– Я и не сомневалась, – горько улыбнулась Мила. – Я, дурища, ни в ком не сомневалась… Но почему же ты беспристрастно не открыл мне бесчисленные связи Романца? Гелена так велела, да?! А ты во всем ее слушаешься! Братишка!
– Это, конечно, она тебе сказала, да?
– У меня нет оснований ей не верить!
– Я не все сказал тебе о Романце вовсе не по указанию Гелены. Я просто… сразу влюбился в тебя, как только увидел… Разве ты не почувствовала этого?

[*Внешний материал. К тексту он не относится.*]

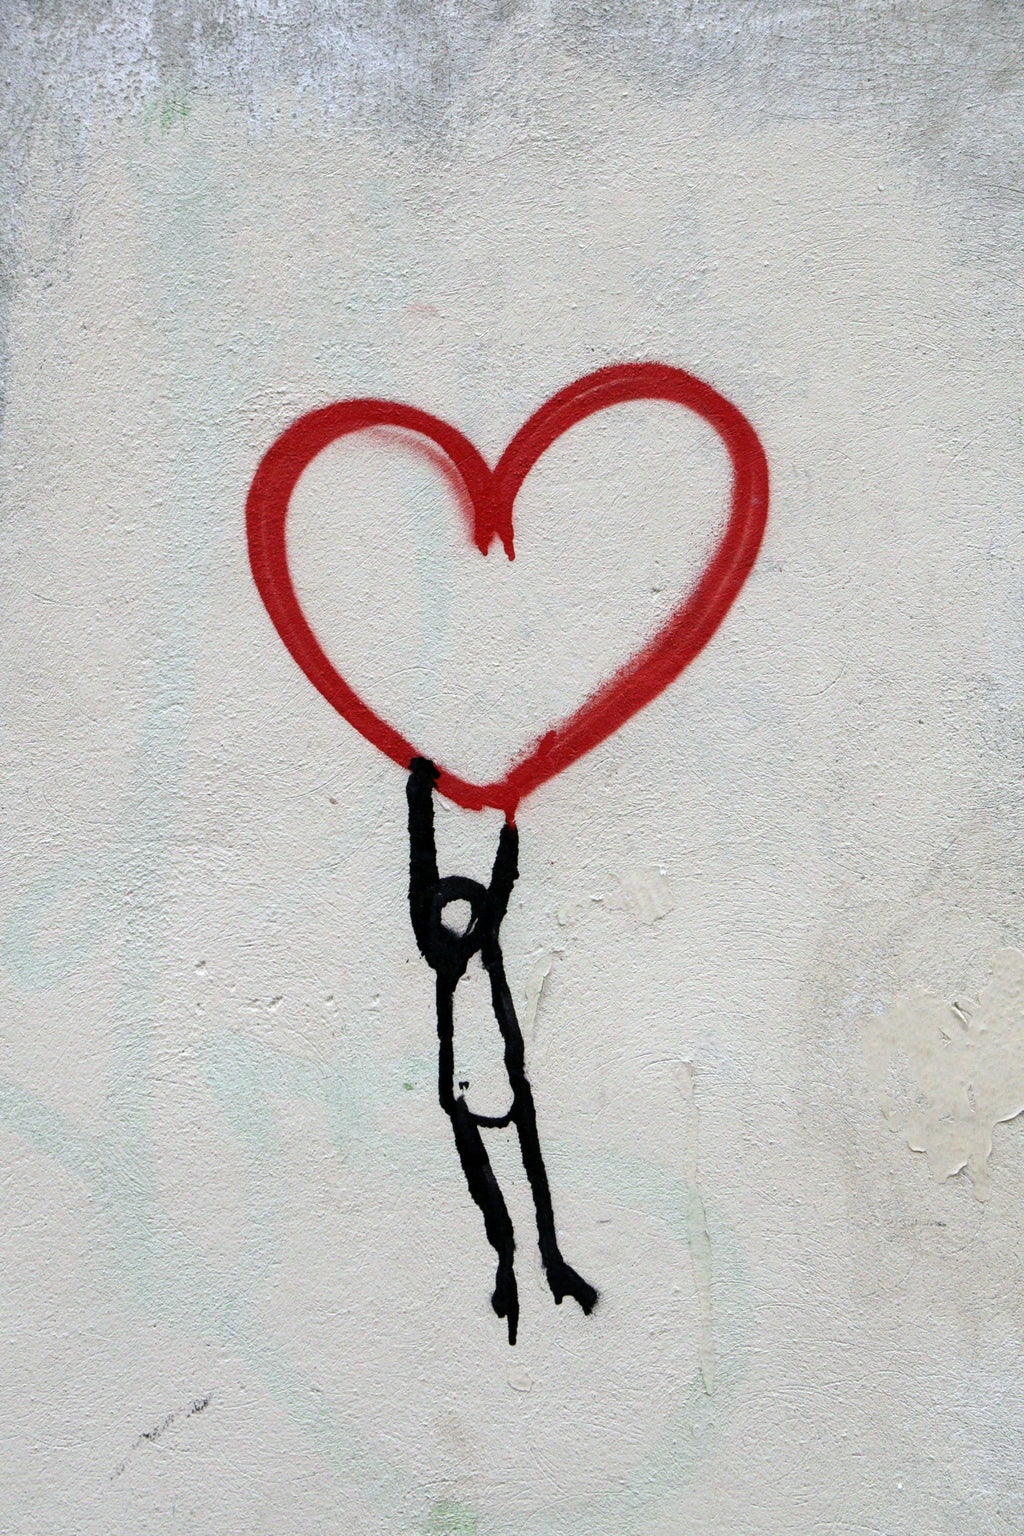 Stick figure drawing holding onto heart

– Не вижу связи между твоей якобы любовью с интрижками Романца!
– Конечно, не видишь, – горько проговорил он, – ни сейчас, ни тогда… Я не хотел сделать тебе больно… Я видел, что ты любишь его, и открыл только то, что все равно скоро стало бы тебе известно.
– В каком смысле?
– Ну… про бывшую жену и сына Романец все равно вынужден был бы сказать… Сколько ни тяни…

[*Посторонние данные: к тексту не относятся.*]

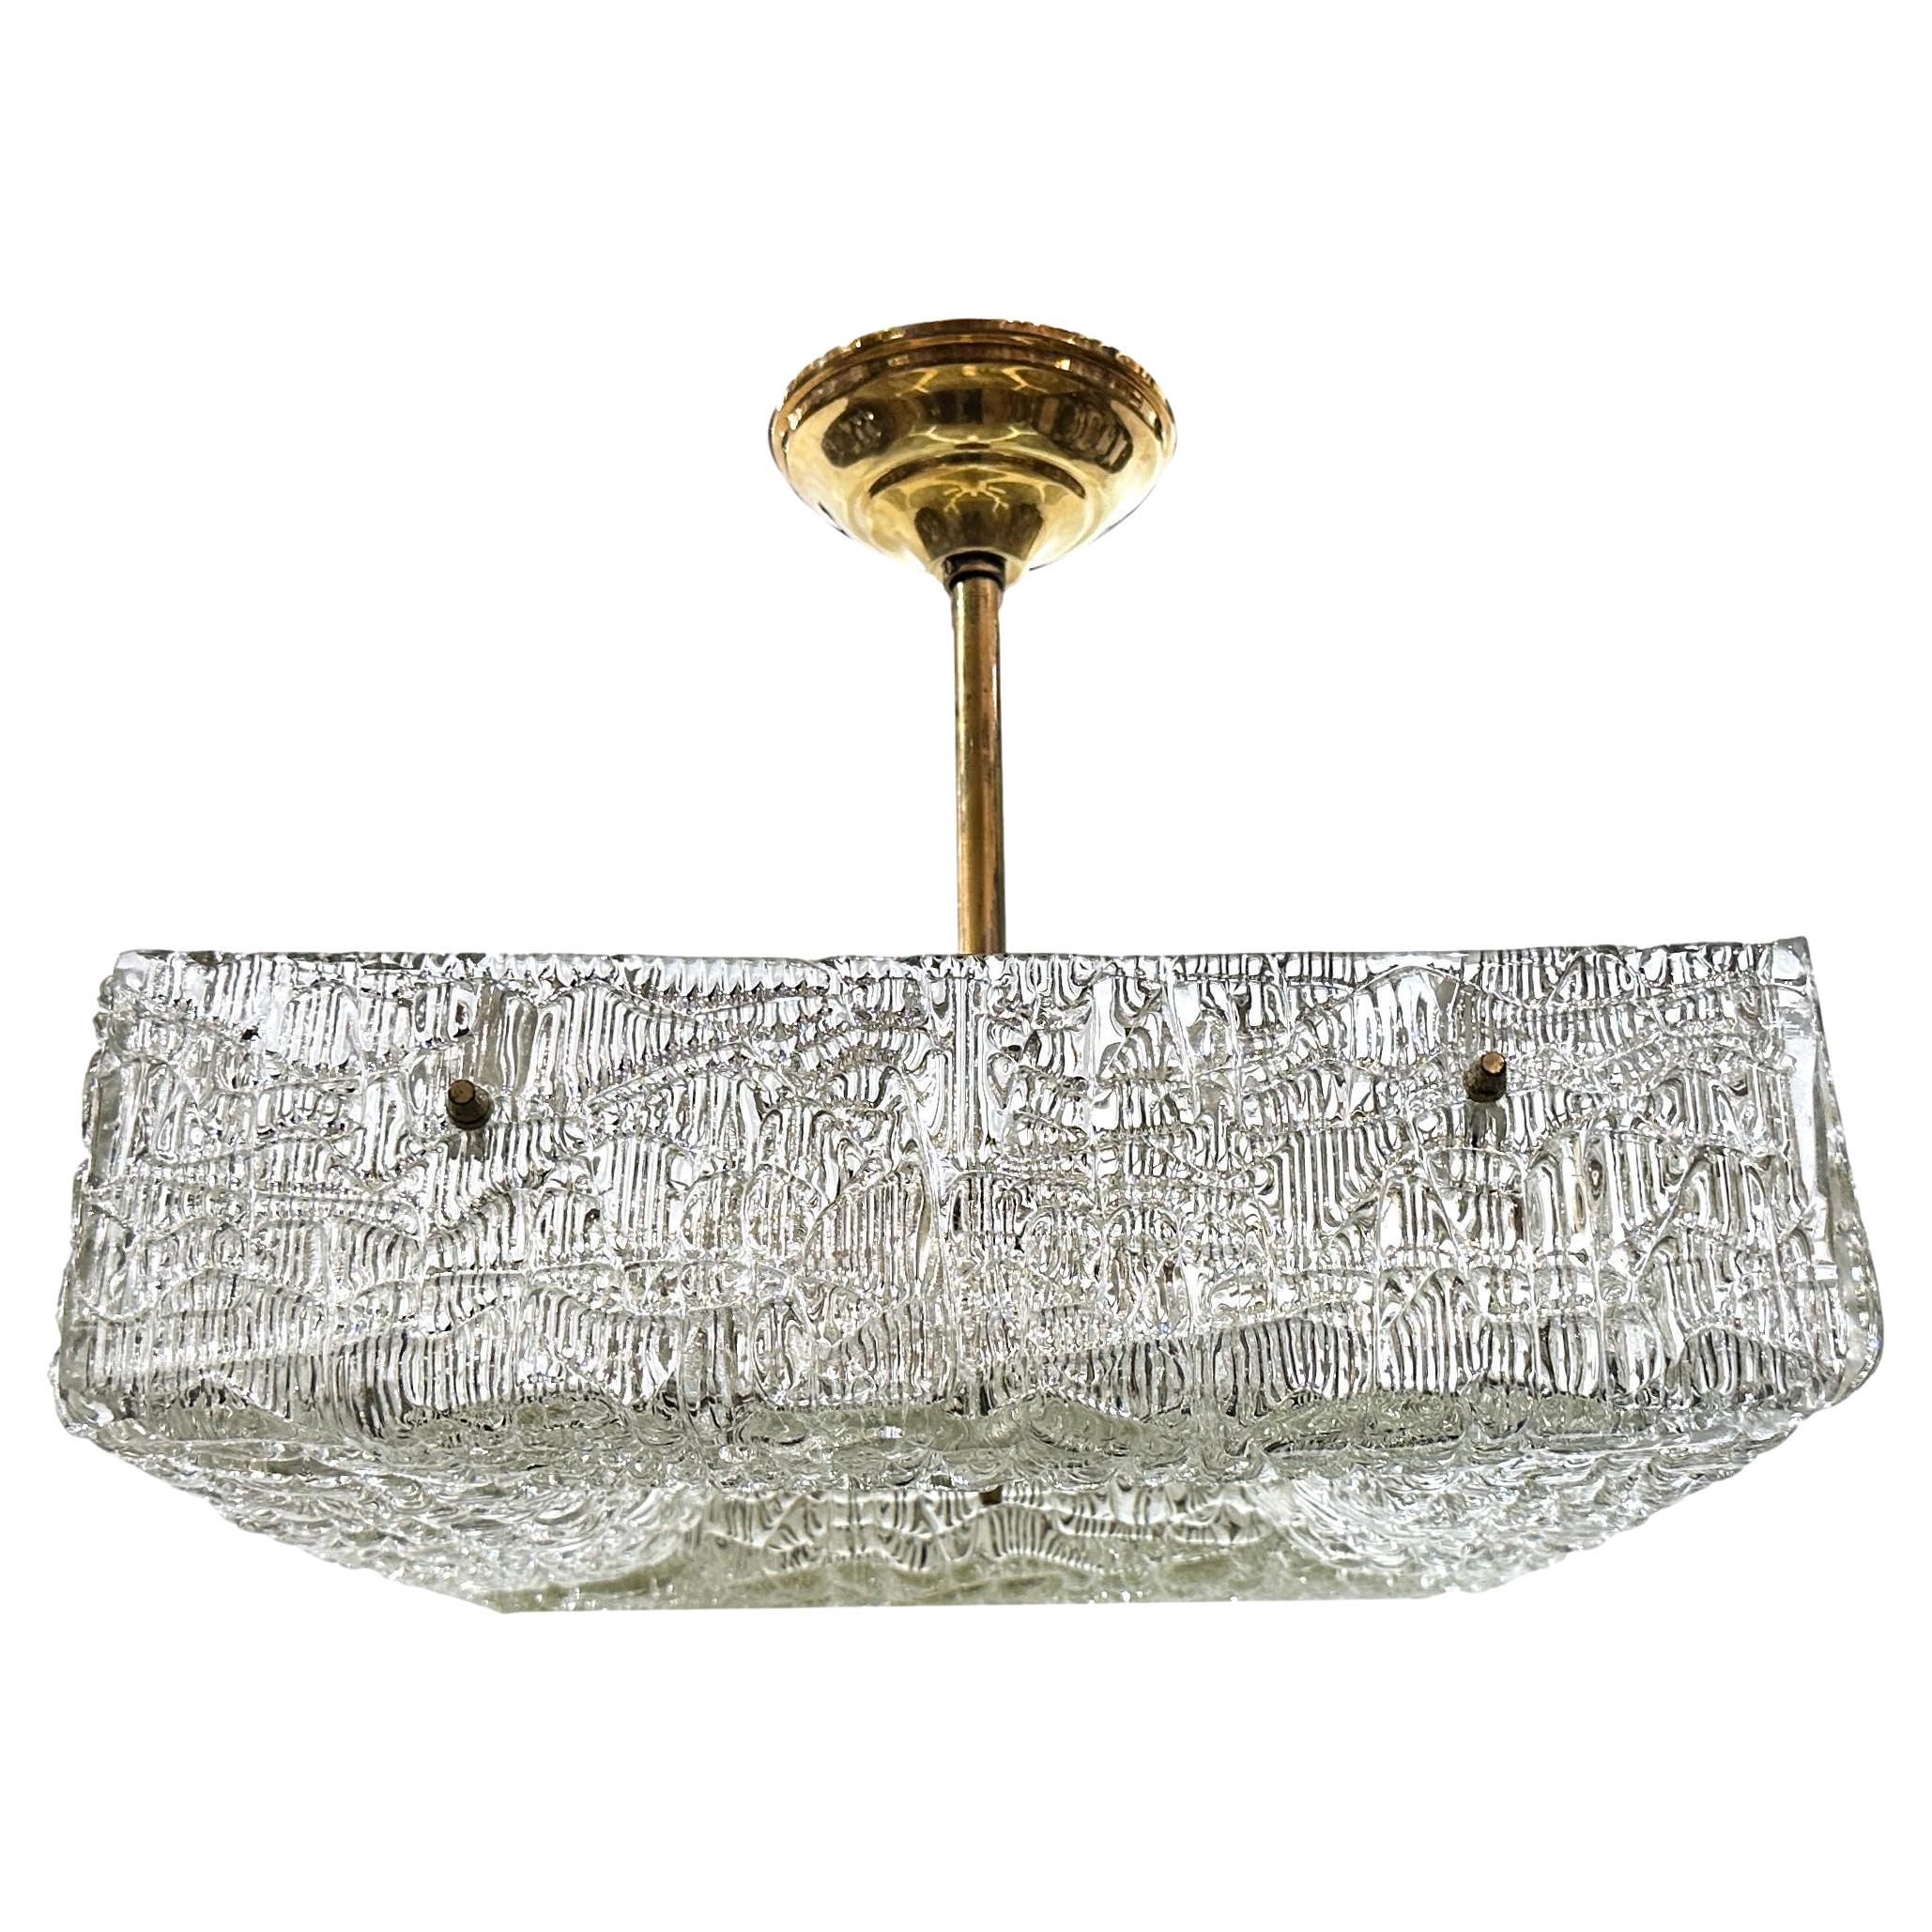 Midcentury Swedish Glass Square Light Fixture For Sale

– Этот сын – ему вовсе не сын! Зачем даже сейчас врешь?! А еще смеешь утверждать, что не хотел сделать мне больно! Да разве есть что-либо тяжелее известия о том, что любимый человек имеет ребенка и скрывает это!
– Я не вру… Мне не хотелось копать глубоко. Я тогда действительно не потрудился узнать, что он сын его бывшей жены, что Олег его только усыновил. Фамилия мальчика – Романец, а отчество – Олегович. Я на этом и упокоился. И о журналистке Анастасии Терлеевой ты все равно узнала бы.
– Откуда?
– О встречах Романца с журналисткой в ателье «Силуэт» тебе собиралась донести одна из его сотрудниц, которую Олег Станиславович, уж прости, тоже часто… дарил своим вниманием. С тобой она уже как-то свыклась, а терпеть на своей территории Терлееву не собиралась.

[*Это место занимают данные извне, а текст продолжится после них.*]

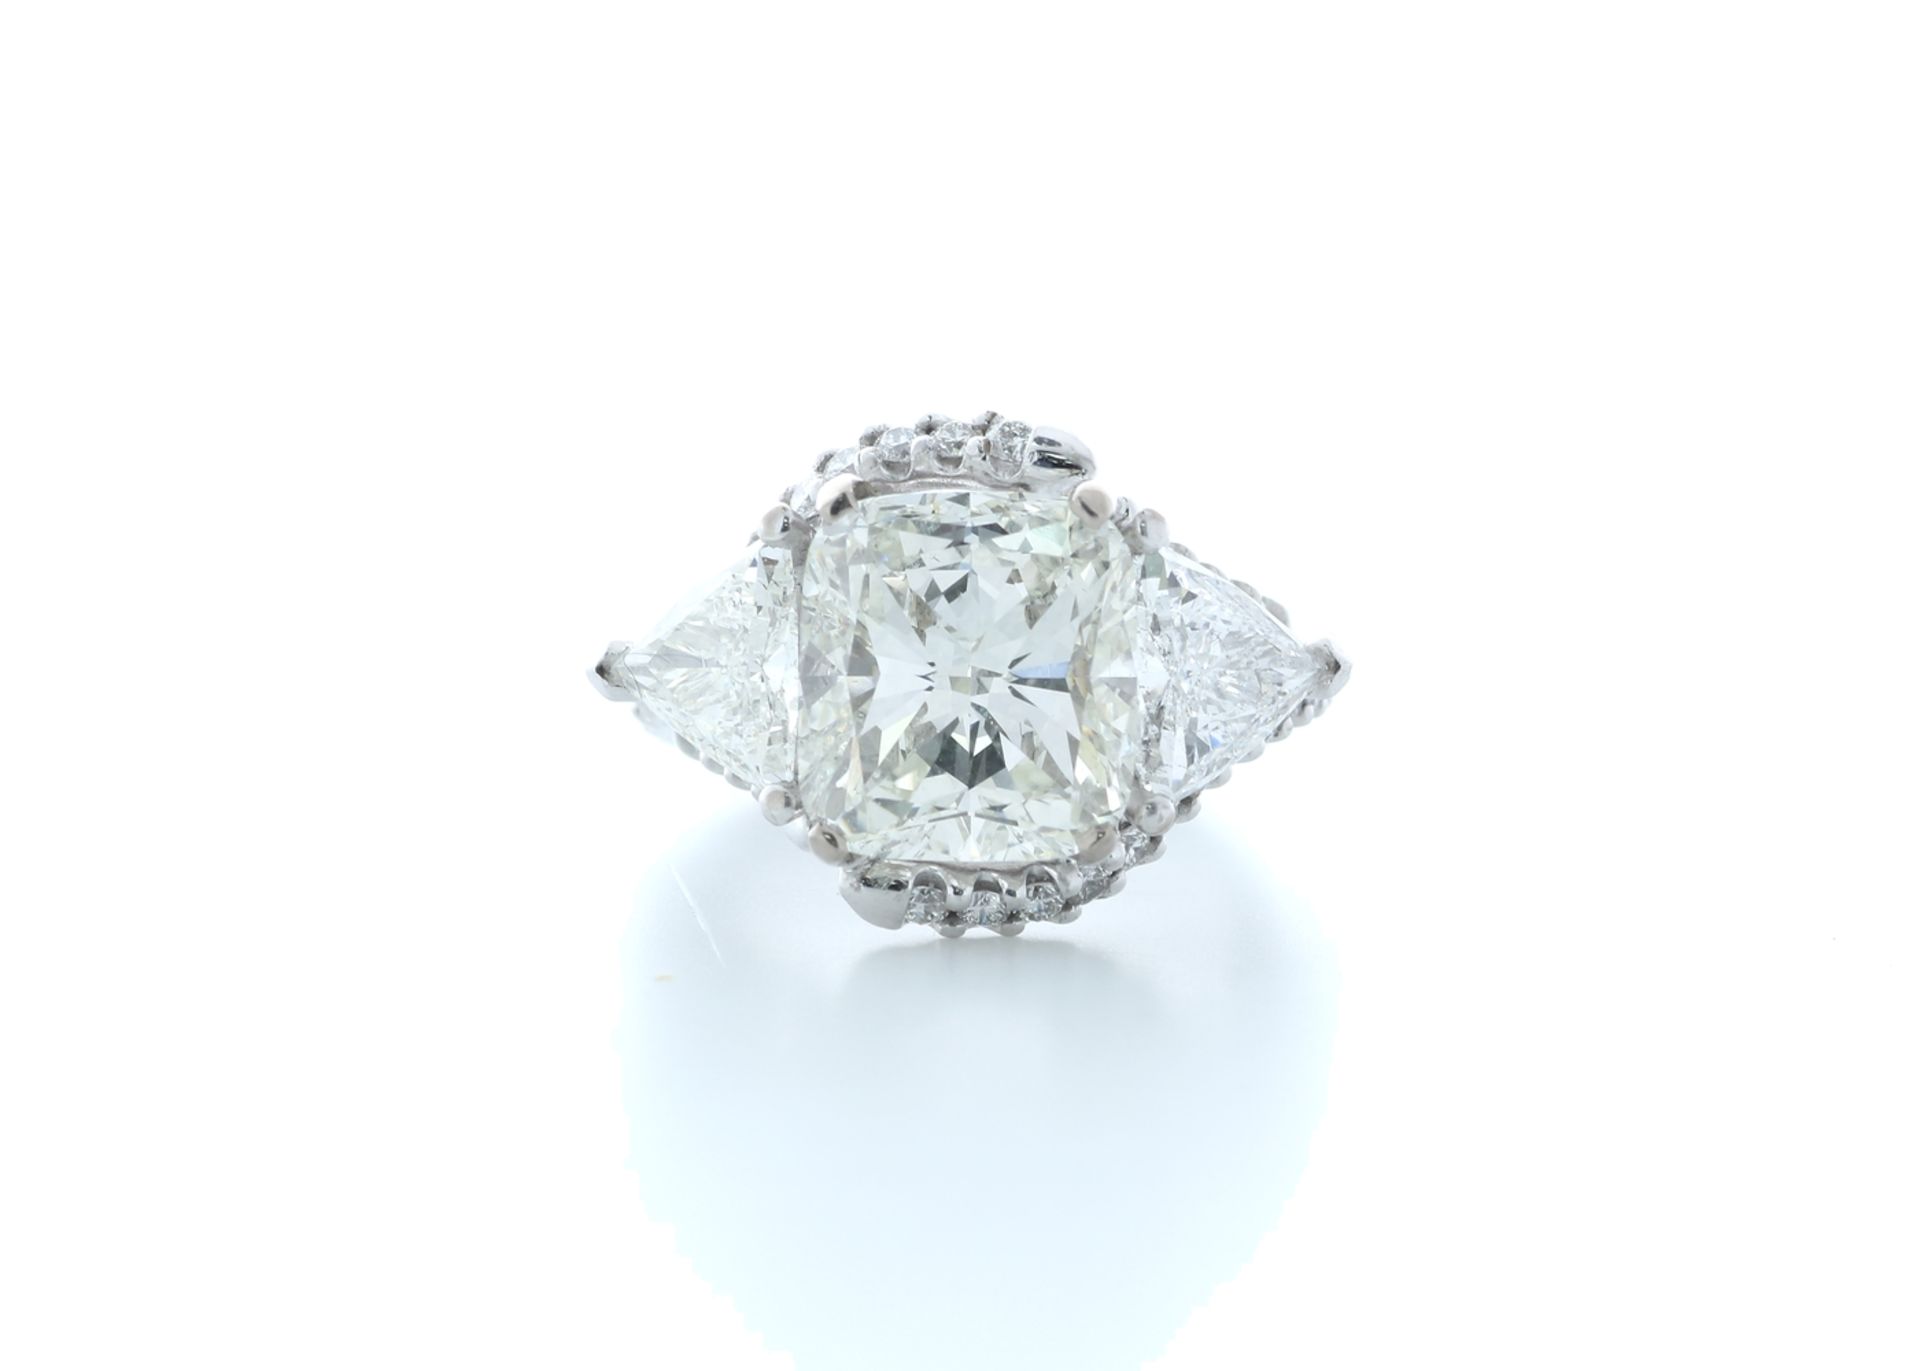 18ct White Gold Cushion Diamond Ring 7.03 (4.51) Carats - Valued by IDI £265,500.00 - 18ct White

– Как трогательно! Да ты прямо… мать Тереза в мужском обличье, а не сыщик… Непонятно только, зачем про Сельвинскую врал!
– Да уж как начал, так пришлось и продолжать… Собственно, с Сельвинской Гелена и начала со мной разговор. Я, конечно, и сам ей кое-что посоветовал, но поверь, Люда, я не знал тогда, сколь далеко простираются ее планы! То есть я мог бы, конечно, узнать, если бы поставил себе такую цель, но думал, что она действительно хочет тебе помочь. А это было мне на руку…
– Что значит «на руку»? – вскинулась Мила.
– Ну… если ты не простишь Романца и станешь свободной, то… у меня появляется шанс… Я, конечно, понимал, насколько безобразно выгляжу против такого человека, как твой дизайнер, но… Каждый человек на что-то надеется… И когда ты вдруг откликнулась… это было такое счастье… Людочка… такое счастье…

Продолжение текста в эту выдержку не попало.